# Can I use soil for a substrate under rocks?



## wade0328 (Jul 2, 2013)

I am making my 10 gallon a planted tank and I was wondering if this would this be safe to use? http://www.scotts.com/smg/goprod/miracle-gro-organic-choice-garden-soil/prod70308/

The NPK is 0.10 - 0.05 - 0.10 the lady said on the online chat on Scotts website.

She also said Miracle gro Organic Choice garden soil has: 
Ciara: Regionally formulated with organic materials
Ciara: * Includes one or more of following: forest products, peat humus, and/or compost
Ciara: As well as:
Ciara: * Sphagnum Peat
Ciara: * Composted manure (in Florida - cow Manure)
Ciara: * Pasteurized, pelleted poultry litter

This is what she said.










She Said Miracle gro organic choice potting mix which I see everyone using in their tanks has: 
Ciara: Contains:
Ciara: * Composted bark
Ciara: * Sphagnum Peat Moss
Ciara: * Pasteurized Poultry Litter (Organic certified source)


----------



## testeve (Sep 17, 2012)

I wouldn't put that stuff in my tank. It's only a 10 gallon?
Buy some good quality aqua soil. There are a lot of good aqua soils out there now that planted tanks have become so popular.
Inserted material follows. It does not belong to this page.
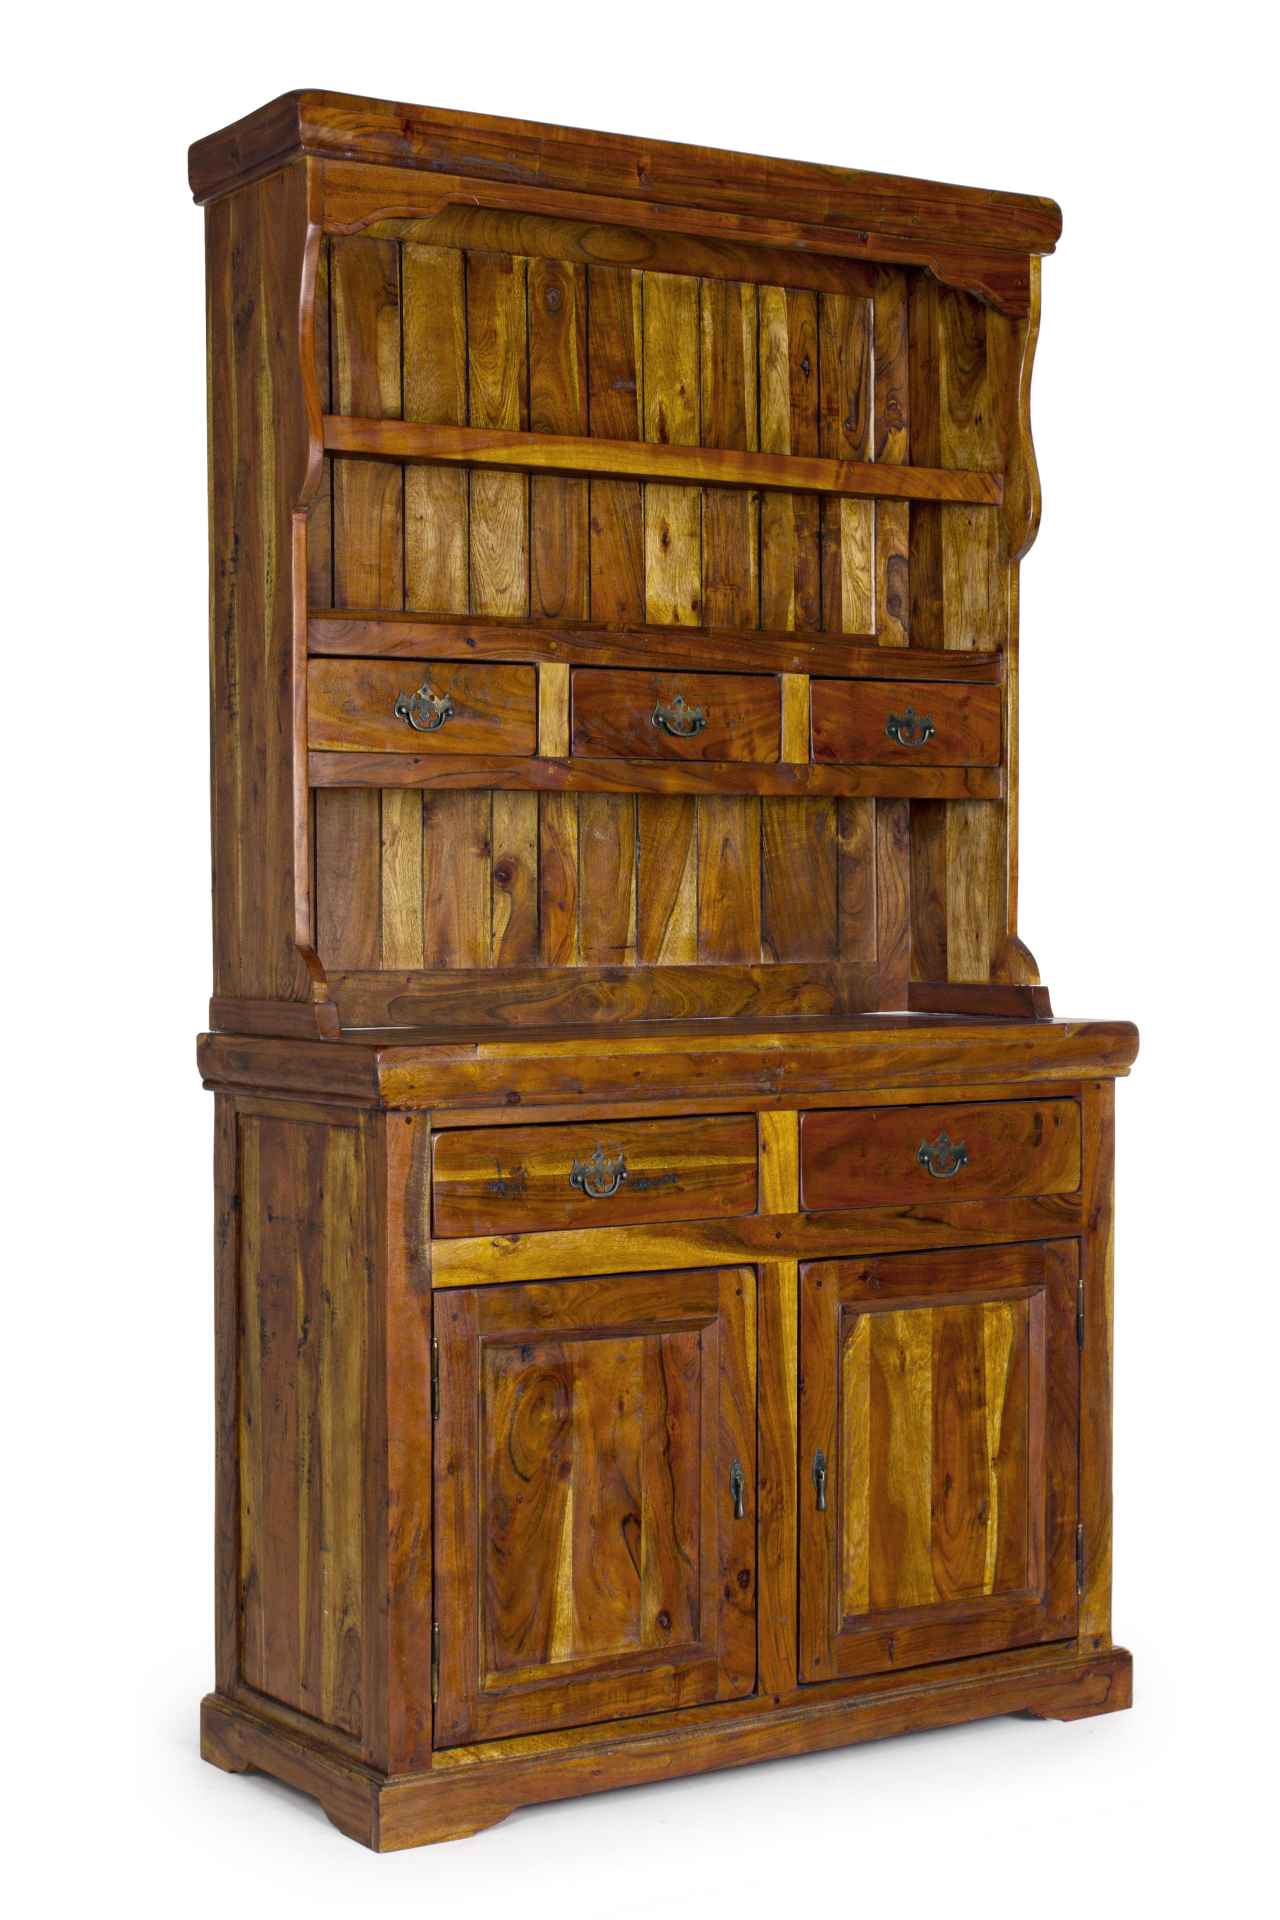 Der Schrank Chateaux überzeugt mit seinem klassischen Design. Gefertigt wurde er aus Akazien-Holz, welches einen natürlichen Farbton besitzt. Das Gestell ist auch aus Akazien-Holz. Der Schrank verfügt über zwei Türen und fünf Schubladen. Die Höhe beträgt 
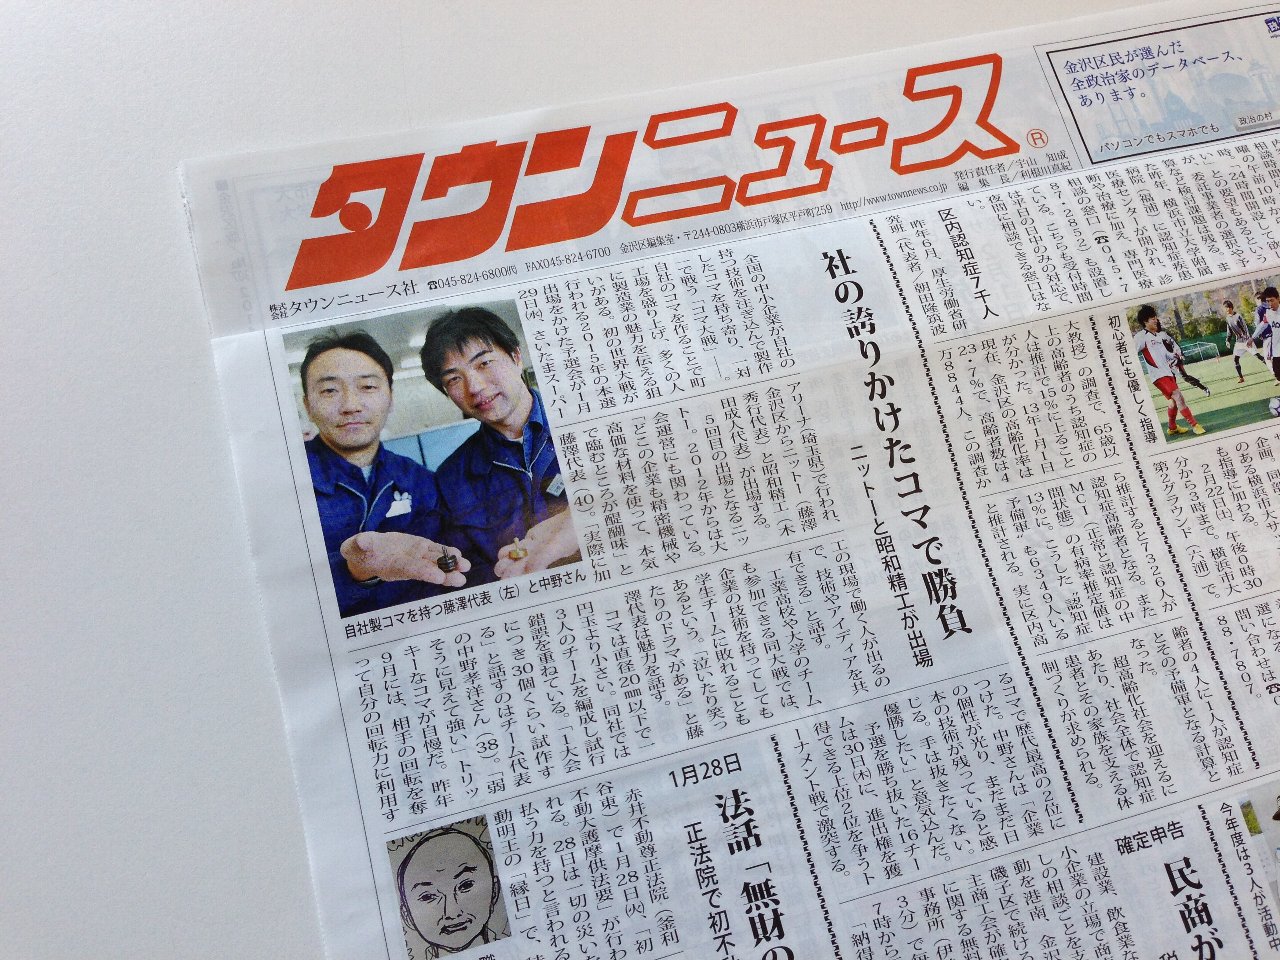 1月23日『タウンニュース横浜金沢区版』に掲載

My personal preference is ADA aquasoil.


----------



## BillD (May 17, 2005)

If you want to use soil, stay away from those that contain a high amount of organic matter. It will just rot and add to the nutrient level of the tank. You are better served with a low organic top soil, or else mineralize the soil first. There are many threads on minerlized top soil in the planted tank forums.


----------